Last month Federal Treasurer Jim Chalmers unveiled the National Housing Accord[1], intended to build a million new homes in Australia. Part of the plan is to encourage superannuation funds to invest in social and affordable housing.

The proposal was met with criticism[2] from some quarters, with critics arguing[3] Australia’s superannuation savings belongs to its members:

it is their money, not Labor’s play money.

These critics are forgetting it was not so long ago people’s taxes (which can also be seen as “their” money) paid everyone’s pensions. And while in consolidated revenue on their way to keeping us in comfort in our old age, these taxes helped build extensive public and social infrastructure.

Read more: Albanese government's first budget delivers election promises but forecasts soaring power prices[4]

The transfer of retirement funding from the national government to non-government super funds is just one example of the shift from public provision of social goods towards individual accumulation that has defined Australian politics for four decades. This shift, along with associated income tax cuts, has contributed directly to the housing affordability crisis via the emphasis on property as an investment.

Australia’s super funds now control $3.3 trillion[5] – the fourth-largest pool[6] of retirement savings in the world.

Most of them invest in fossil fuels[7] and some, directly or indirectly, in armaments[8], exploited labour and old-growth logging. All of them invest internationally[9] where, if they are not doing actual harm, they are still not doing any good for their members in Australia beyond delivering financial returns.
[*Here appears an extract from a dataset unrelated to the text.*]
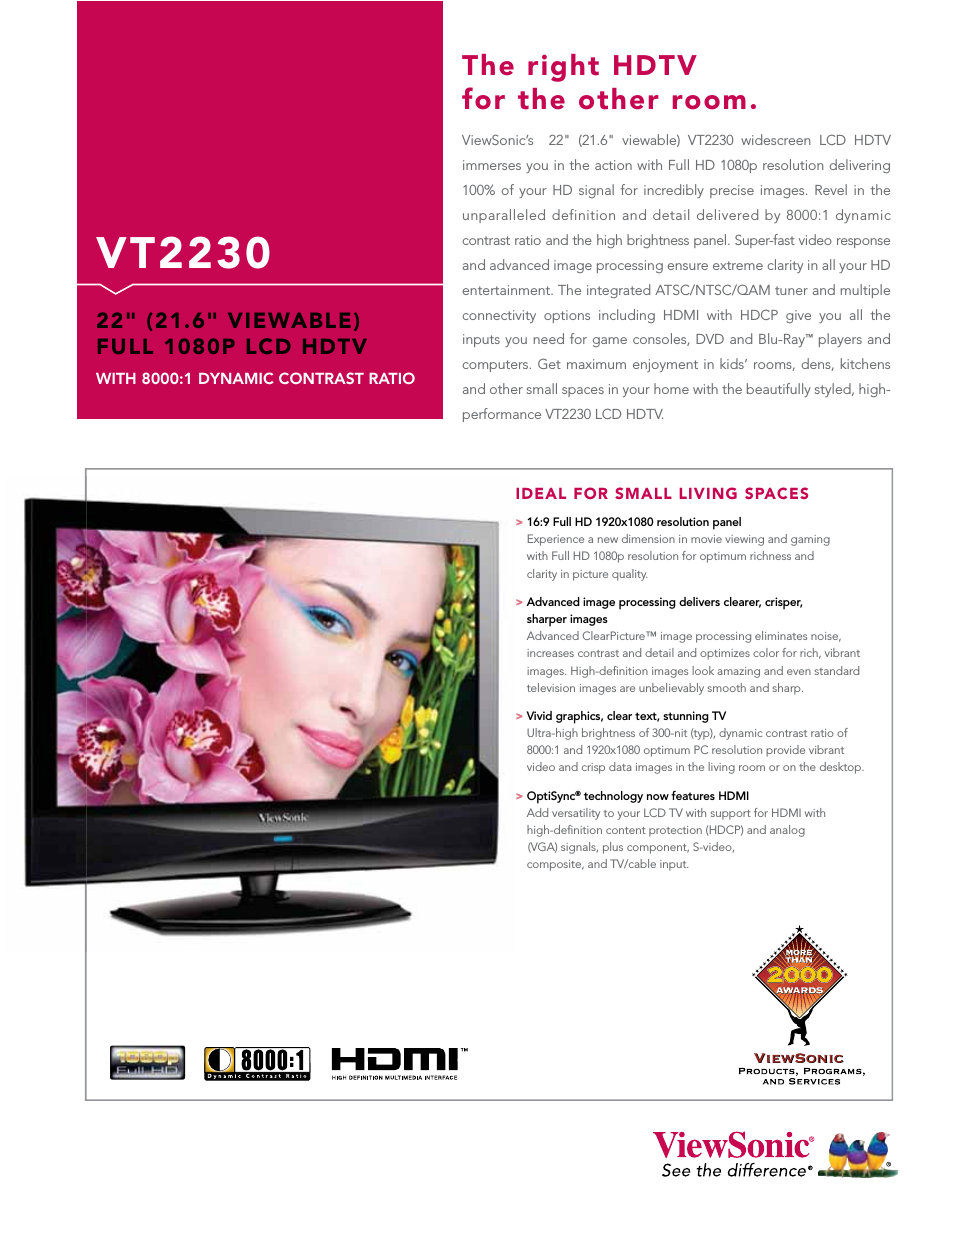 VT2230

Super funds are regulated by federal legislation which originally stipulated they must act in the “best interests of their members[10]”. This was changed by the Coalition government in 2020 to read “best financial interests[11]”. It is this requirement that has the critics of Chalmers’ plan baulking[12]: how can it be in members’ best financial interests to invest in social housing?

Read more: Labor is winding back reforms meant to hold super funds accountable to their members[13]

Why super funds should invest in social housing

If even 1% of the $3 trillion – $30 billion – were invested in social housing, rental pressures in the private housing market would be massively reduced as tens of thousands of households currently in the private rental market vacated those dwellings for new social housing.

The flow-on effects of decent secure housing, including improvements in physical and mental health, and general social welfare are well[14] documented[15].

The Albanese government could re-amend the regulations to their earlier form, and could require all super funds to invest a proportion of their portfolios in socially and ethically beneficial activities.

Super fund members are workers and members of society too, making up most of the adult population. They would all benefit from a more equal society.

Investing for social good is already happening

Some local funds and other financial institutions are already investing in social goods. Various super funds like CBus[16] and community banks like Bank Australia[17] invest in or give low-interest loans to community housing associations. Australian Super has a 25% stake in Assemble[18], an affordable housing developer – bought before the 2020 amendment.

Community banks and European funds are already investing in low yield, low risk social investments. Shutterstock

They are taking small steps in a direction that is well-established in many European countries, where the notion of corporate responsibility has much greater resonance. This can be seen in the German constitution, which stipulates property ownership entails obligations, and “its use shall also serve the public good[19].”

European funds are finding low-yielding, slow-returning investments in social and co-operative housing complement their diverse portfolios well. Germany’s UmweltBank[20] supports various housing initiatives including the famous Spreefeld co-op[21] in Berlin, which provides a steady, low-risk return.

Investments in social housing are regarded as the lowest risk of all, as rents are mostly paid from financial assistance guaranteed by the state. Pension funds and community banks can commit to the long term, unlike corporate investors[22] that purchase social housing for a limited period before selling it on the private market.

Oversight of these initiatives must be careful and regulated, but there is no reason why they should not be implemented. Chalmers’ plan should be applauded, and could go much further.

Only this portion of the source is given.